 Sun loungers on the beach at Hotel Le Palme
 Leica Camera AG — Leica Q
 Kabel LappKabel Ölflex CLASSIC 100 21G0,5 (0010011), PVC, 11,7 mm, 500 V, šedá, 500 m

──────────

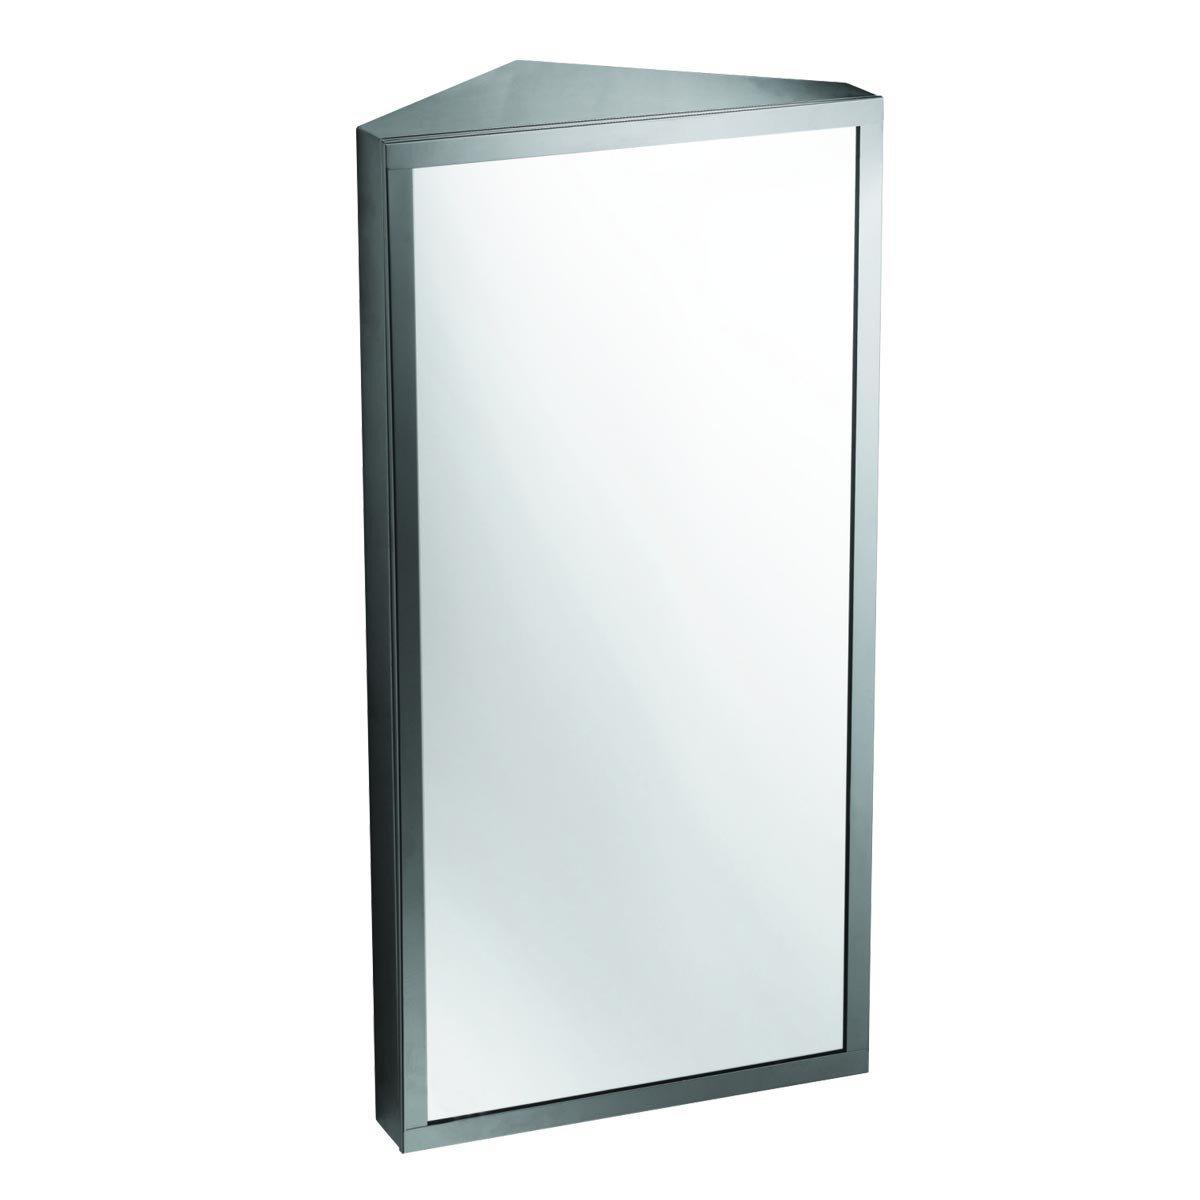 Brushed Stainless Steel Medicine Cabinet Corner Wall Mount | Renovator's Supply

──────────

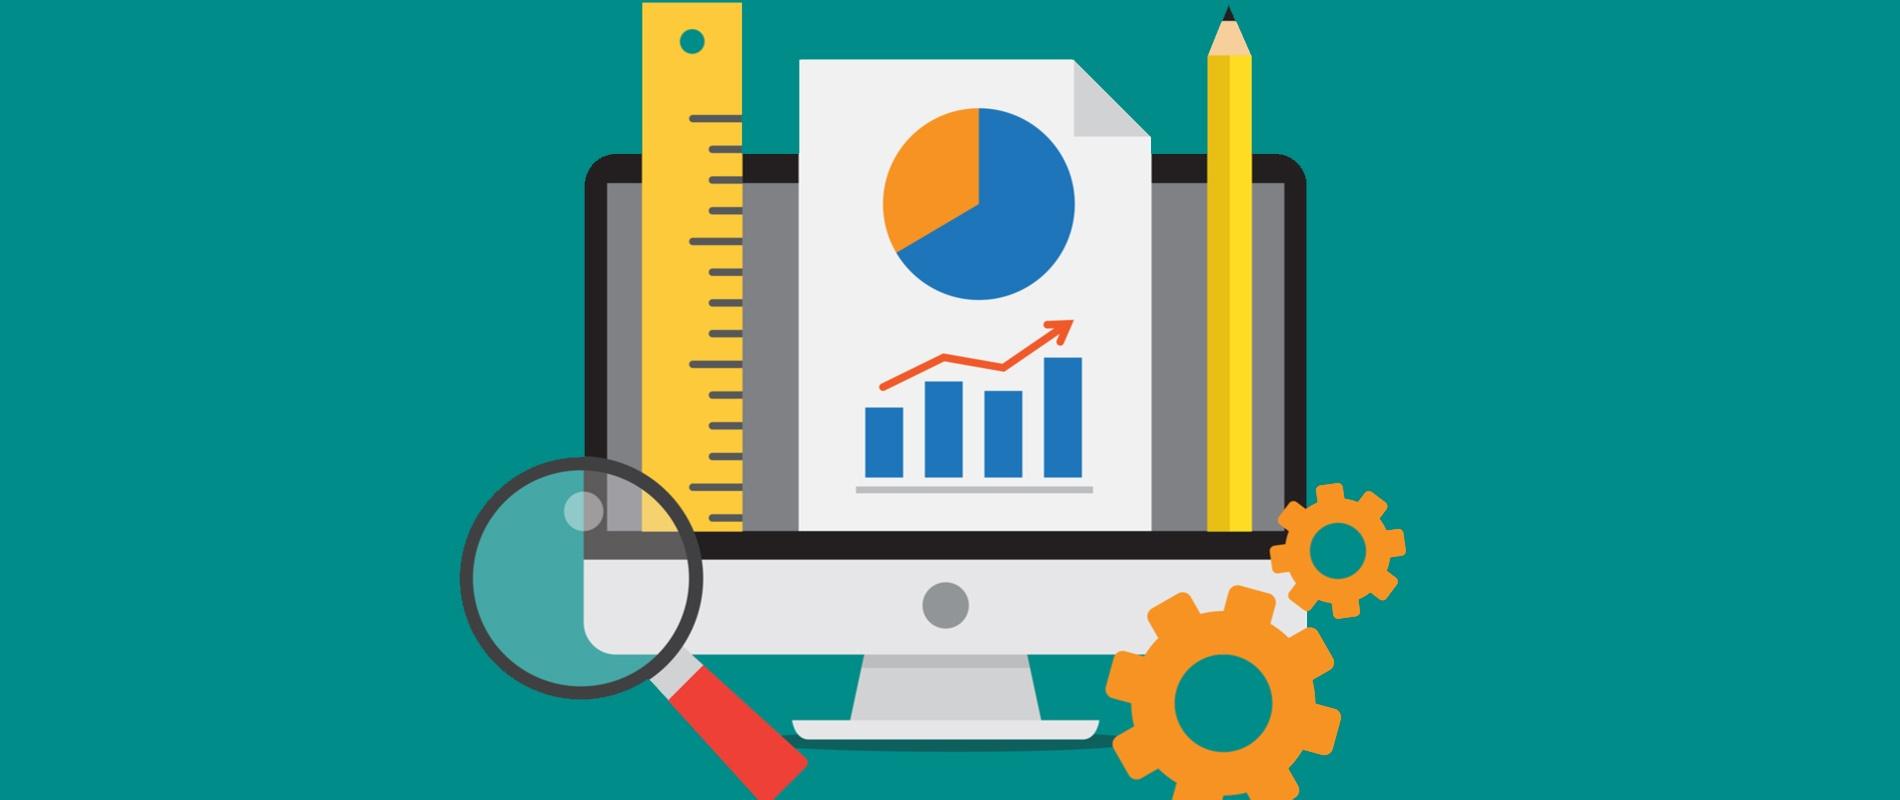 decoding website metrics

──────────

* [Problem requirements]: Proceeding from the line containing "Sun loungers on the beach at Hotel Le Palme" through the line containing "Kabel LappKabel Ölflex", transcribe the lines above exactly, both end lines included.

* [Output for this exercise]:
 Sun loungers on the beach at Hotel Le Palme
 Leica Camera AG — Leica Q
 Kabel LappKabel Ölflex CLASSIC 100 21G0,5 (0010011), PVC, 11,7 mm, 500 V, šedá, 500 m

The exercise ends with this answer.